Limitations & Future Work

  • Assumption 3.1 (single direction) clearly does not hold for some attributes; the paper acknowledges that some traits are multi-directional, requiring extension to low-rank (\(r>1\)) interventions—precisely the entry point for LoReFT.
  • Rank-1 is insufficient for IFEval, and MSE cannot be trained effectively; the paper recognizes this as a ceiling.
  • Training cost: Each trait requires 1k prompt-steered triplets + LLM judge, which remains expensive for long trait lists (e.g., AxBench's 500 concepts); exploring whether SAE features can be used directly as \(\mathbf z_{attr}\) is a promising direction.
  • "Adversarial robustness"—since PSR distills prompt steering into a learnable module, could prompt injection attacks exploit weaknesses in the PSR probe, creating new risks? This is not discussed in the paper.
  • vs ActAdd / CAA / ITI: All use constant \(\alpha\mathbf z\), do not relax Assumption 3.2, and are thus inherently limited to "uniform intervention across tokens"; PSR relaxes this with a ReLU probe.
  • vs ReFT-R1 (Wu 2025a): ReFT-R1 also uses LL to train low-rank interventions, but still token-uniform; PSR's Const\(_{LL}\) is roughly a degenerate version of ReFT-R1, while PSR\(_{LL}\) systematically improves by adding \(\lambda(\cdot)\).
  • vs Stolfo et al. 2025: Stolfo proposes per-token coefficients but aims for "uniform projection of \(\mathbf z\) across tokens", which is opposite to this paper's goal (mimicking actual prompt injection); the paper directly outperforms it experimentally.

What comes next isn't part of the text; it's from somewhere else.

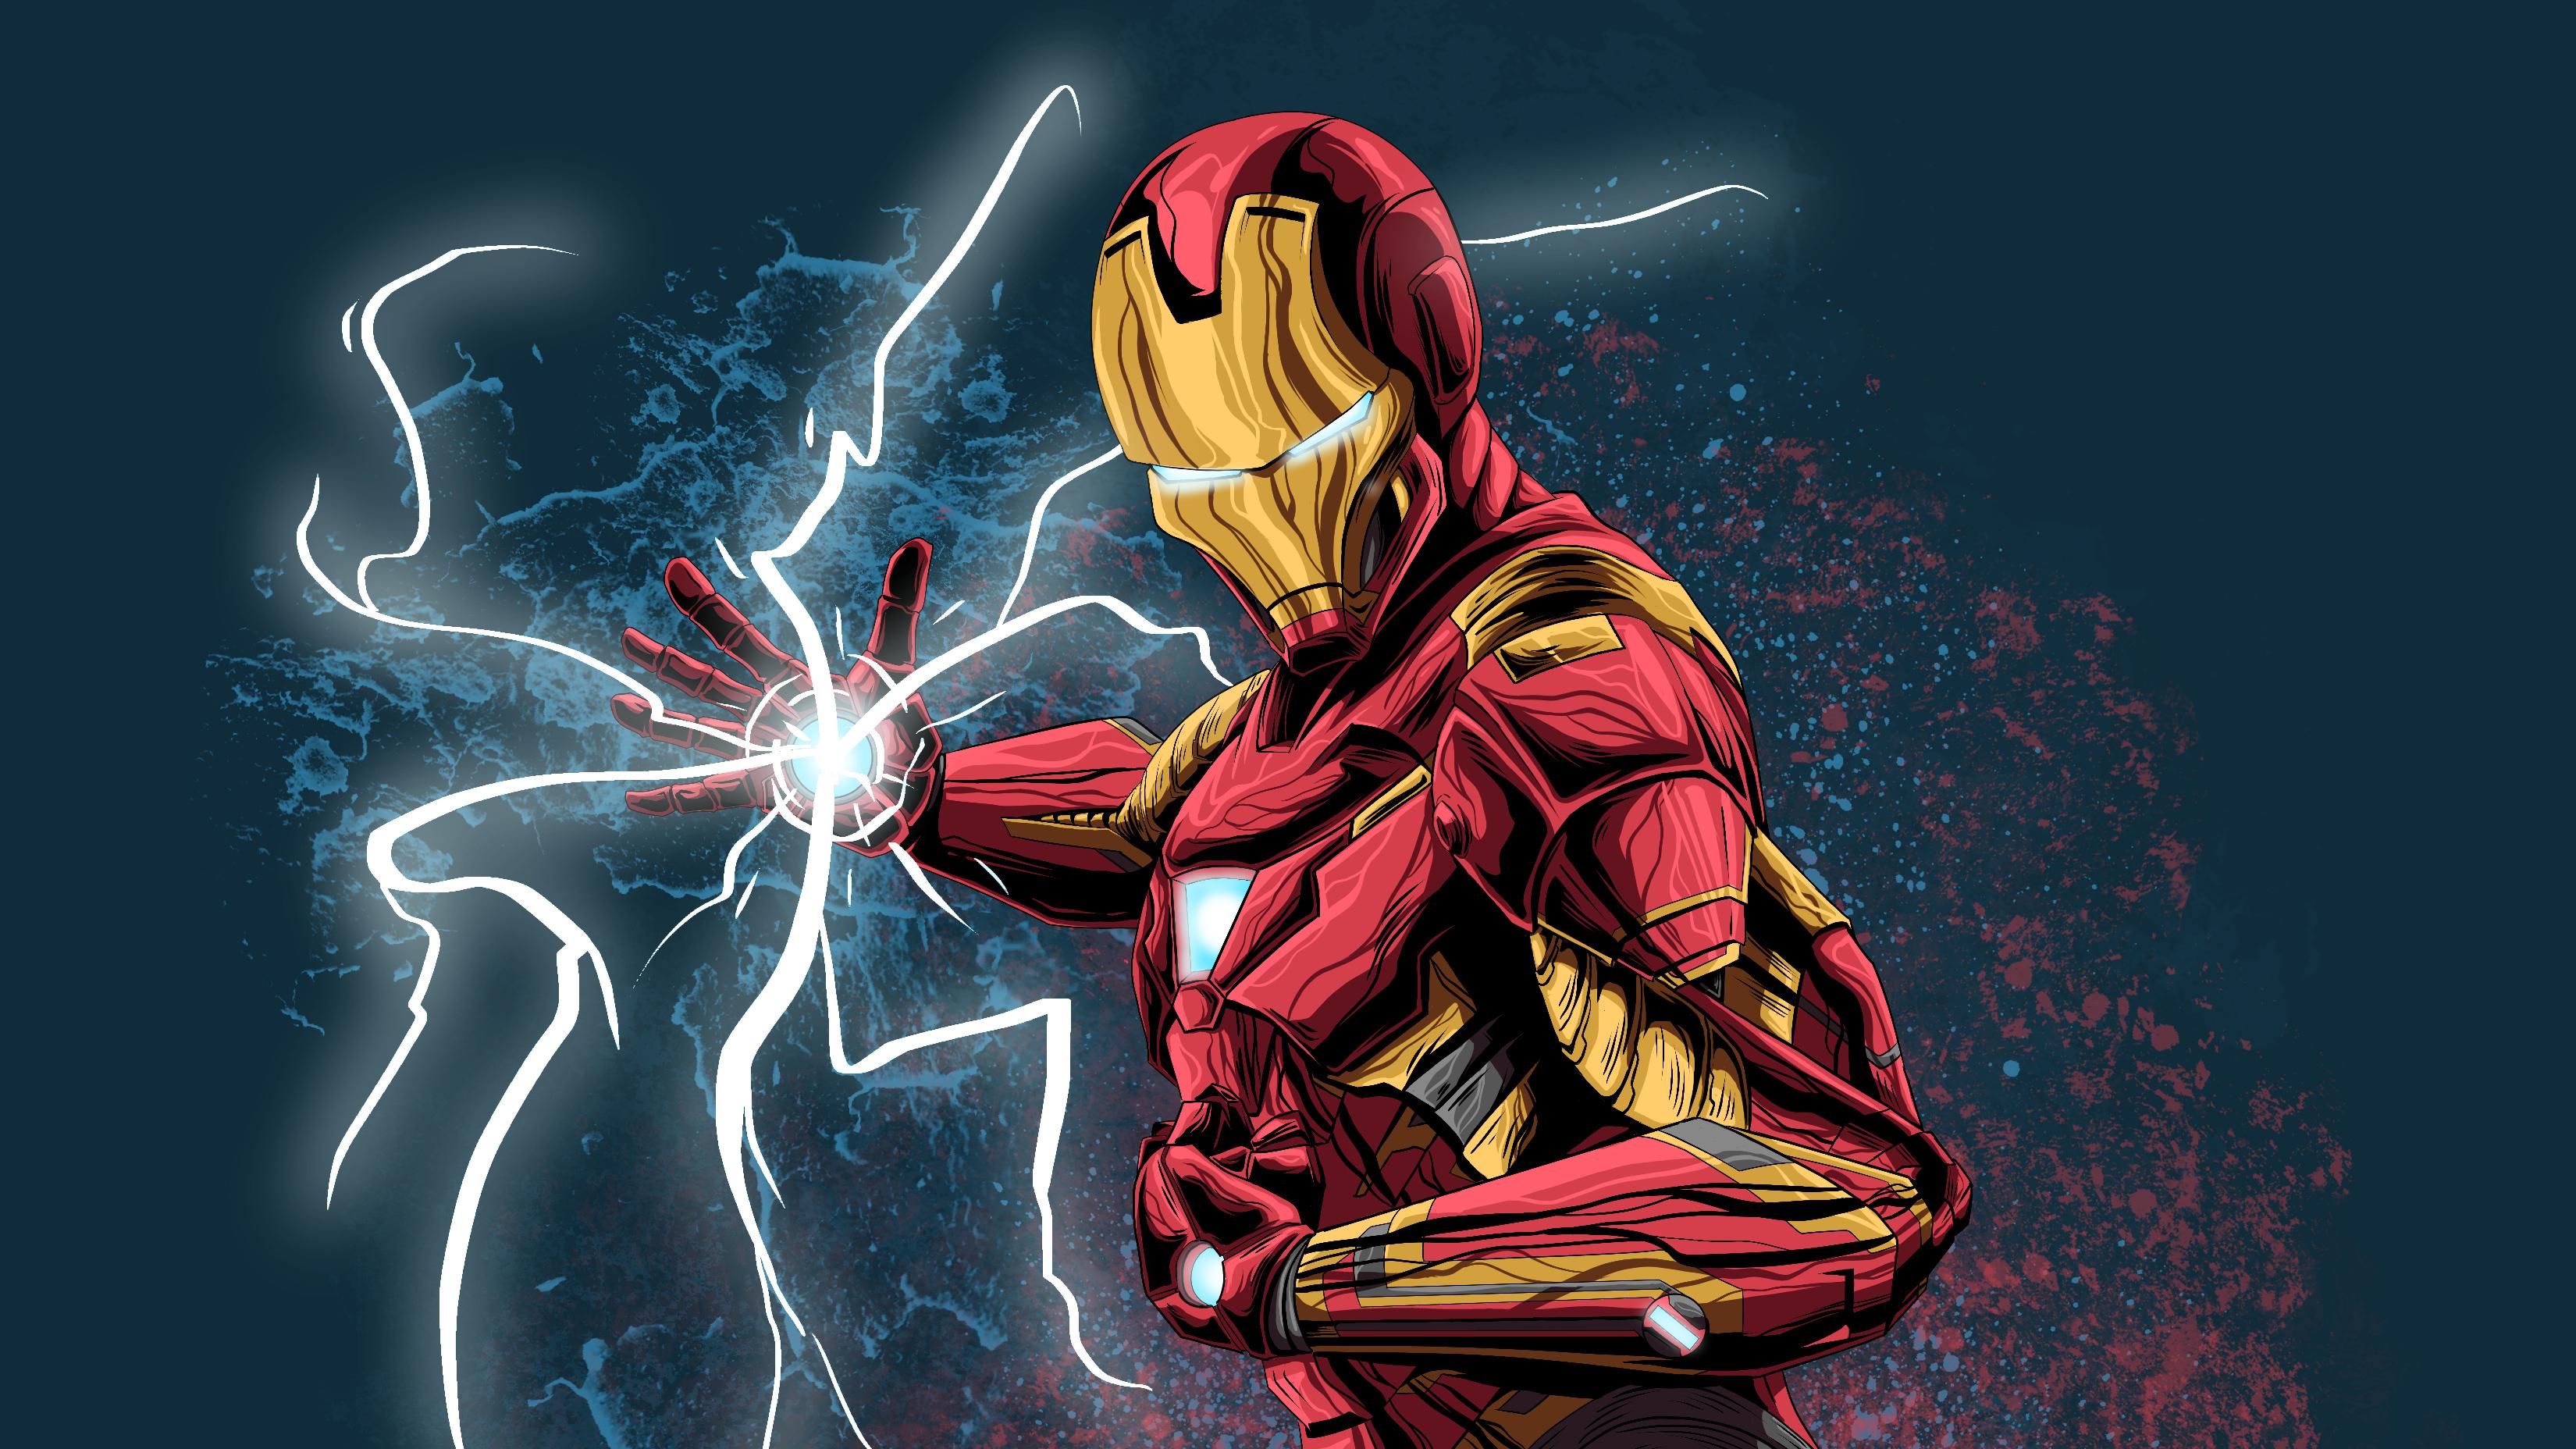 Fanart Of Iron Man 4k, HD Superheroes, 4k Wallpapers, Images

  • vs HyperSteer (Sun 2025): HyperSteer uses a hypernetwork to generate interventions from the base prompt + steering instruction; A-PSR\(_{MSE}\) outperforms it by 0.03–0.13 points on AxBench, with a more interpretable model.

Rating

  • Novelty: ⭐⭐⭐⭐ The formalization of "prompting = self-implemented activation steering" + token-specific ReLU probe is a clear, theoretically grounded innovation.

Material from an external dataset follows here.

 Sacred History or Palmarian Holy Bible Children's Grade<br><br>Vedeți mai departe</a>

  • Experimental Thoroughness: ⭐⭐⭐⭐ 3 benchmarks × multiple LLMs × multiple baselines, comprehensive ablation, and interesting faithfulness analysis.
  • Writing Quality: ⭐⭐⭐⭐⭐ The progressive explanation of Assumptions 3.1/3.2/3.2a is very clear, and the roles of S-PSR/A-PSR are well articulated.
  • Value: ⭐⭐⭐⭐ A reproducible baseline for all teams working on activation steering/model behavior control, with code and training pipeline released.